Instructions for the task: Count the lines of data below that include "Approximately". Provide only the number.

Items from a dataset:

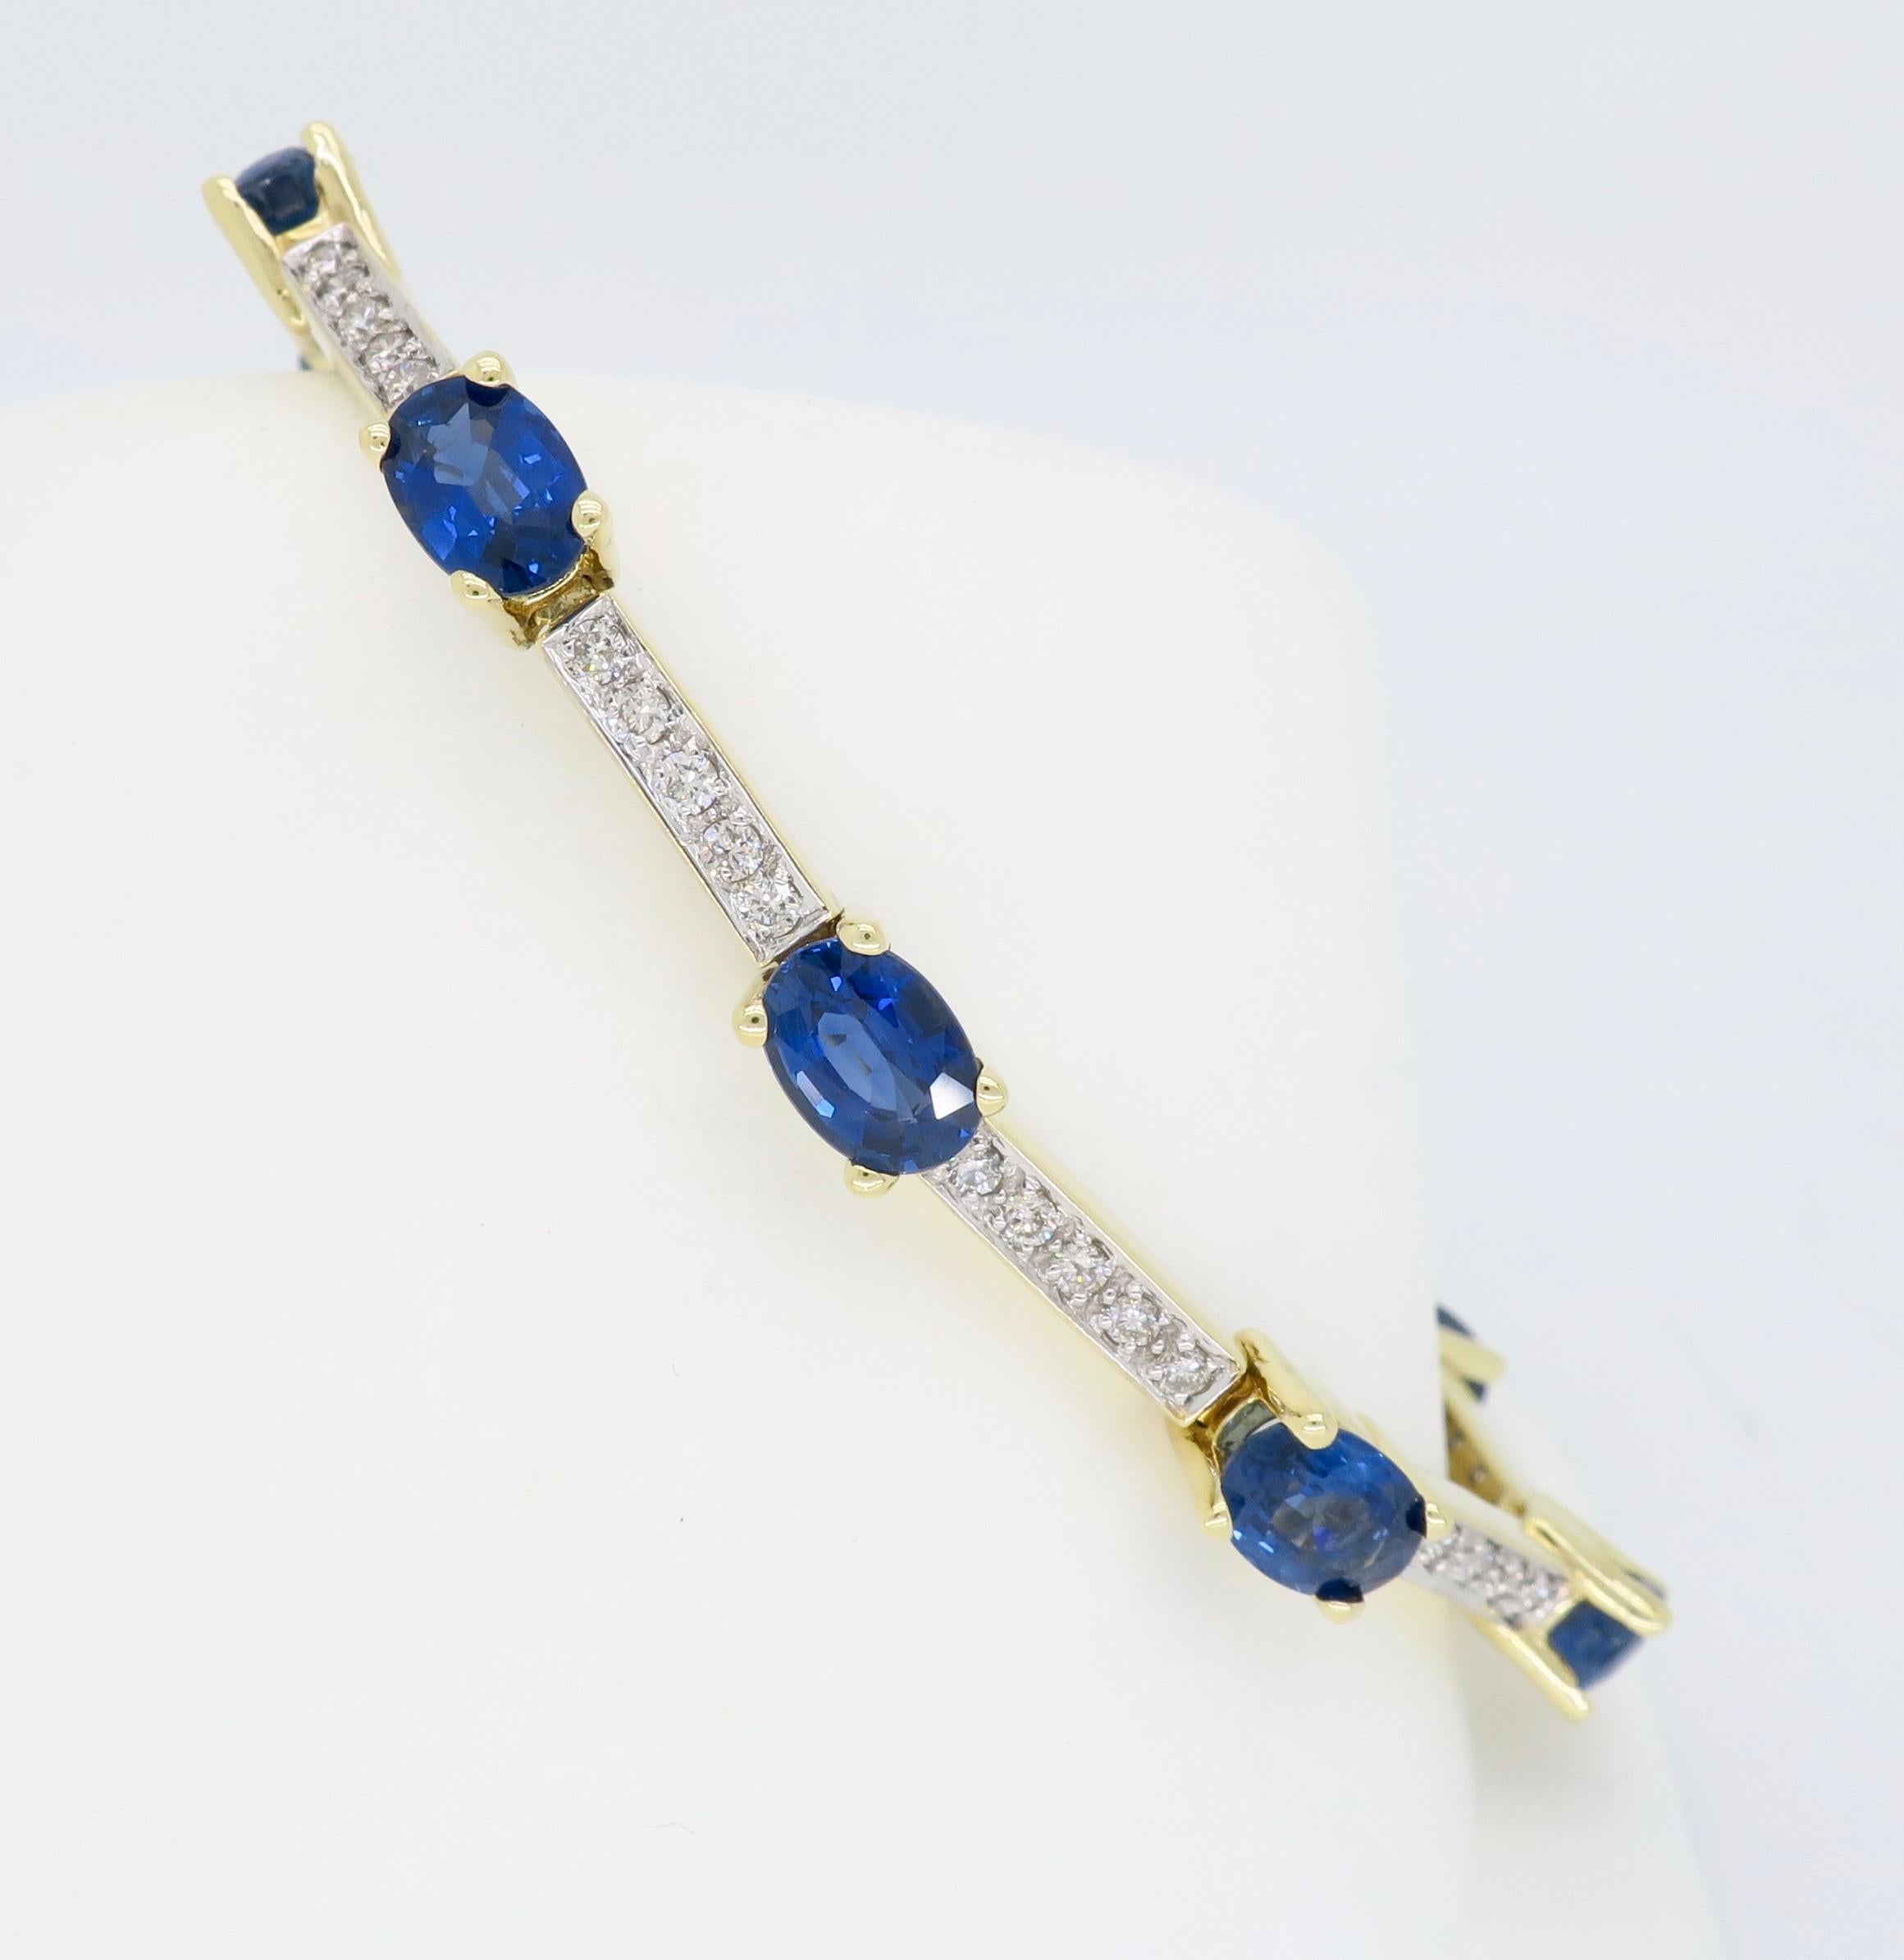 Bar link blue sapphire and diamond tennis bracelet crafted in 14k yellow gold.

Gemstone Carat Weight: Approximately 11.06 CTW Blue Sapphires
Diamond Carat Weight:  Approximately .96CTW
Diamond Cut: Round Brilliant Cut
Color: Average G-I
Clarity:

Answer space: 2